In his book Integral Halachah, Rabbi Zalman Schachter-Shalomi writes, “If our goal is to take responsibility for our consciousness, behavior, and covenant with God, then we have to say that not only do we have the right [to reimagine old rules], but it’s a mitzvah (commandment). In working these things out, we fulfill the mitzvah of asking, ‘Mah ha-shem Elohecha sho’el mei-imcha (What is it that God is asking of us [today]?’

Perhaps God is asking us, amidst a crisis of isolation, to reimagine our dietary laws to be less about what we eat - and more about with whom we eat – and how often we eat together?

Imagine if observing this mitzvah would become about eating with the same group of friends every Thursday night. Or having lunch with your least favorite colleague once a month. Or ensuring the whole family is home three nights a week - all the while understanding that this isn’t just wishful thinking, but divinely mandated. Or is there an opportunity to create a process like Whole30 for how we eat? Where going 'cold turkey' means becoming explicit about never 'eating on the go'. Always sitting down to eat - never at our desks, and ensuring there's no tech screens on the table?

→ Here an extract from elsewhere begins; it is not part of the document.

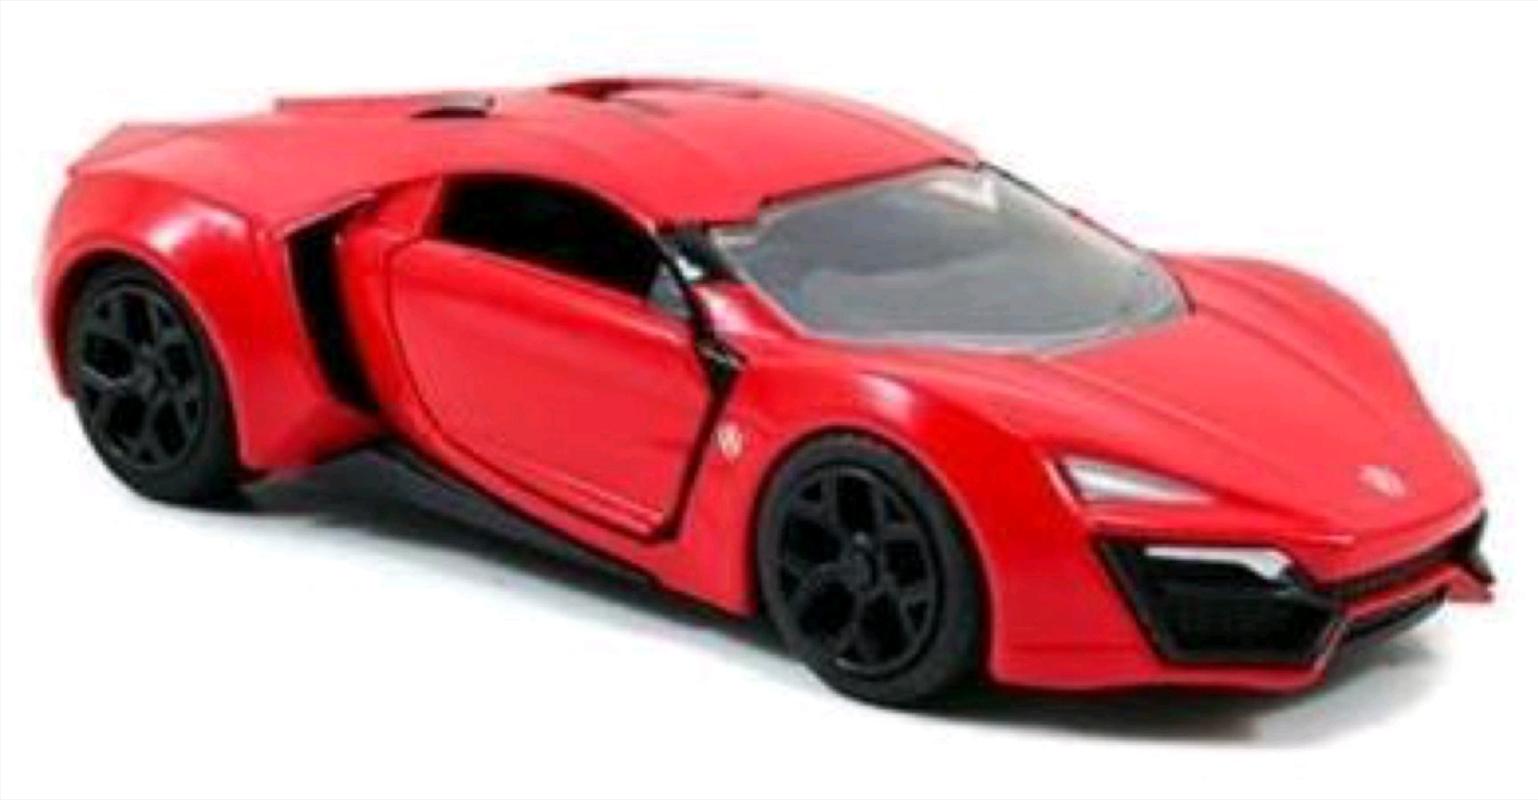 Fast & Furious - Lykan Hypersport 1:32 Hollywood Ride | Merchandise

Reb Zalman wrote that a good mitzvah reduces our resistance to God. That we must allow God to "reach into us" because self-transformation can never be done alone. We need siya'ata di-shmaya (the aid of heaven.)

I think we're seeing moves toward this in efforts like The People's Supper and dinner conversation menus, as well as cross-generational groups like North London Cares. If we're looking for spiritual technologies that help us connect and that keep us together, a reimagined kashrut might be a perfect solution.  

Rabbi Brent here again - one of the most powerful and demanding aspects of Judaism is that the full and intricate system of miztvot call us to maintain consciousness of the Divine at all times.

Is that a challenge we want to accept? Do we think its possible or desirable to be always aware of the Divine? If not, why not? If we think it is possible, how do we do that - through traditional practices of kashrut? New practices like KIuile suggests above?

I look forward to hearing your thoughts.